パソコンの前で「販売面で結果を出して農家ハンターの活動を支えたい」と話す宮川誠さん=熊本県宇城市で2018年12月4日、福岡賢正撮影

 深刻化するイノシシ被害から田畑を自衛するため熊本県内の若手農家たちが作る「くまもと☆農家ハンター」が、箱わなで捕獲したイノシシの肉を販売するためのネットショップを「楽天市場」に開設した。店長としてホームページ作成から受注、商品の手配、発送まで手がけるのは頸椎(けいつい)を損傷して車椅子生活を送る同県宇城(うき)市三角(みすみ)町戸馳(とばせ)島の宮川誠さん(40)だ。

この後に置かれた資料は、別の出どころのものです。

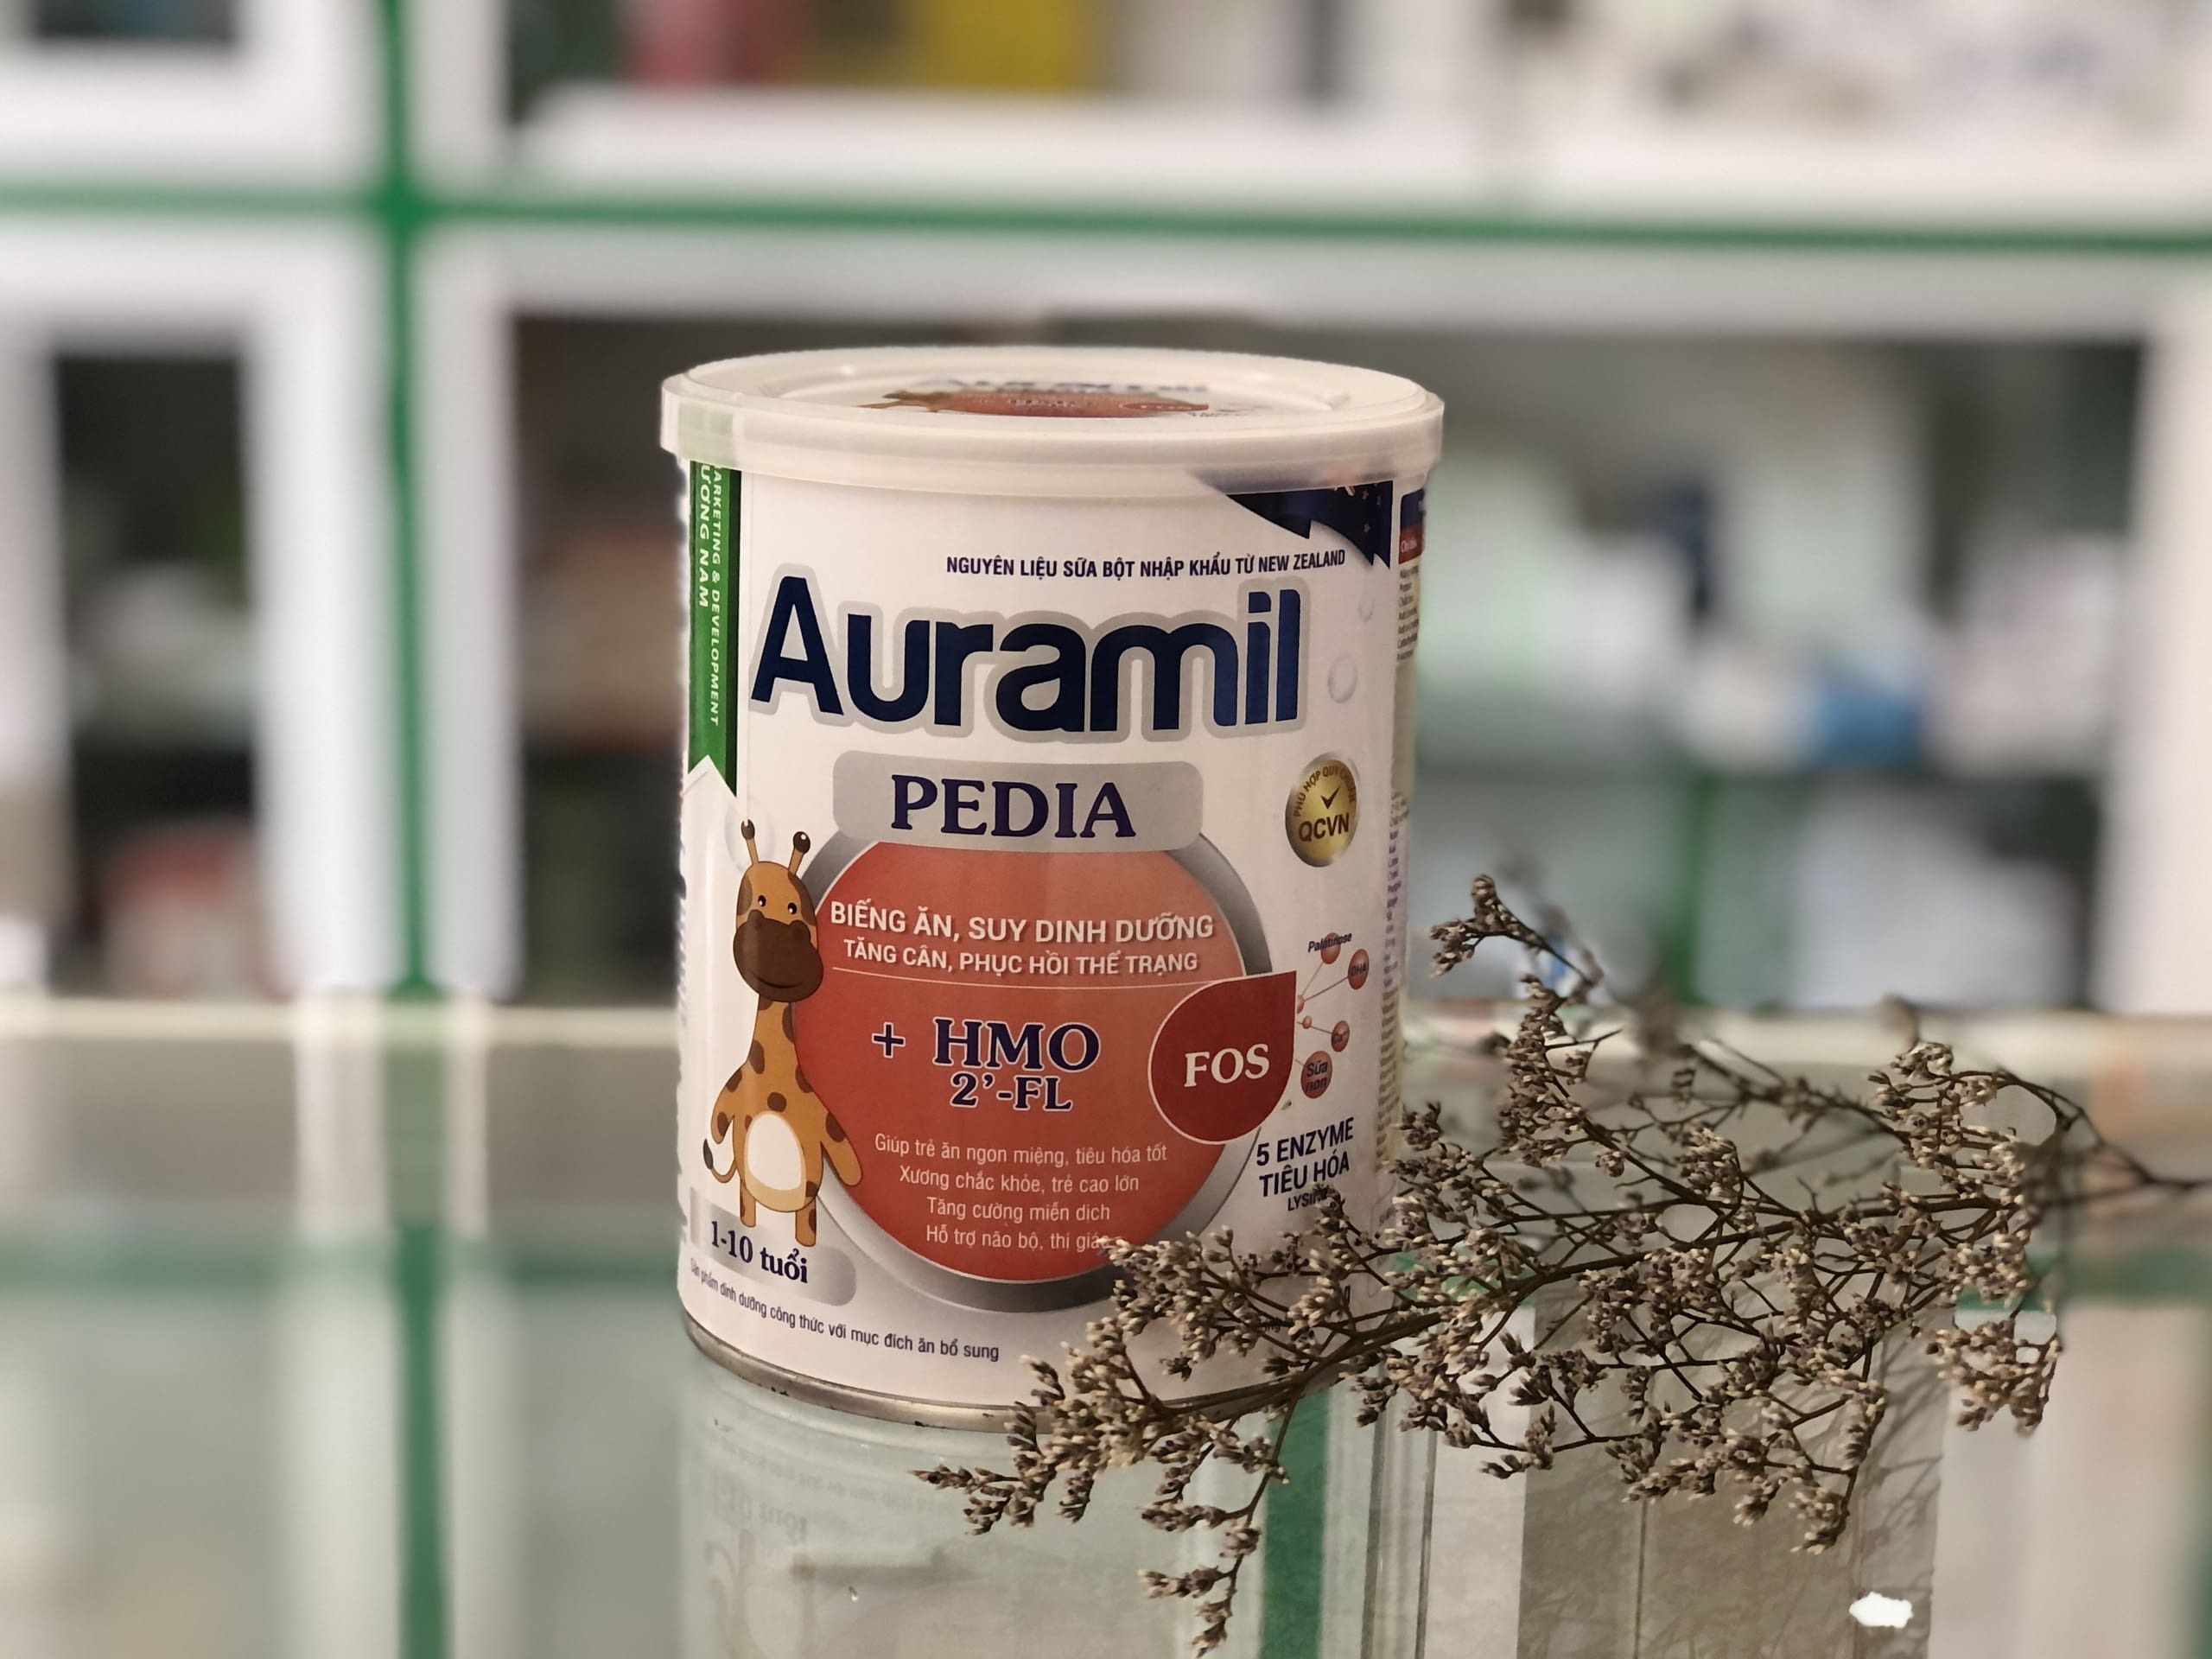 Sữa Auramil Pedia là sản phẩm dinh dưỡng dành cho trẻ từ 1-10 tuổi. Sản phẩm bổ sung năng lượng, protein và vi chất dinh dưỡng, giúp trẻ tăng cân, hồi phục thể trạng và phát triển khoẻ mạnh.

     誠さんは農家ハンターの代表で洋ラン農家の宮川将人(まさひと)さん(40)と幼稚園から中学校まで同級生で隣同士。農協職員だった21歳の夏、自宅近くの砂地の海にいつものように飛び込んだところ、砂が人工的に補充されて浅くなっていたため頭部を強打して首の骨を折り、四肢まひに陥った。1年間の入院とリハビリの結果、何とか両腕が動くようになり、自力で車椅子での移動と車の運転ができるまで回復した。

     退院してパソコンを使った自活の道を探っていた頃、米国留学中の将人さんが国際電話をかけてきた。「これからはインターネットの時代。勉強しておいた方がいいよ」。離れていても気にかけてくれる友の気持ちがうれしかったという。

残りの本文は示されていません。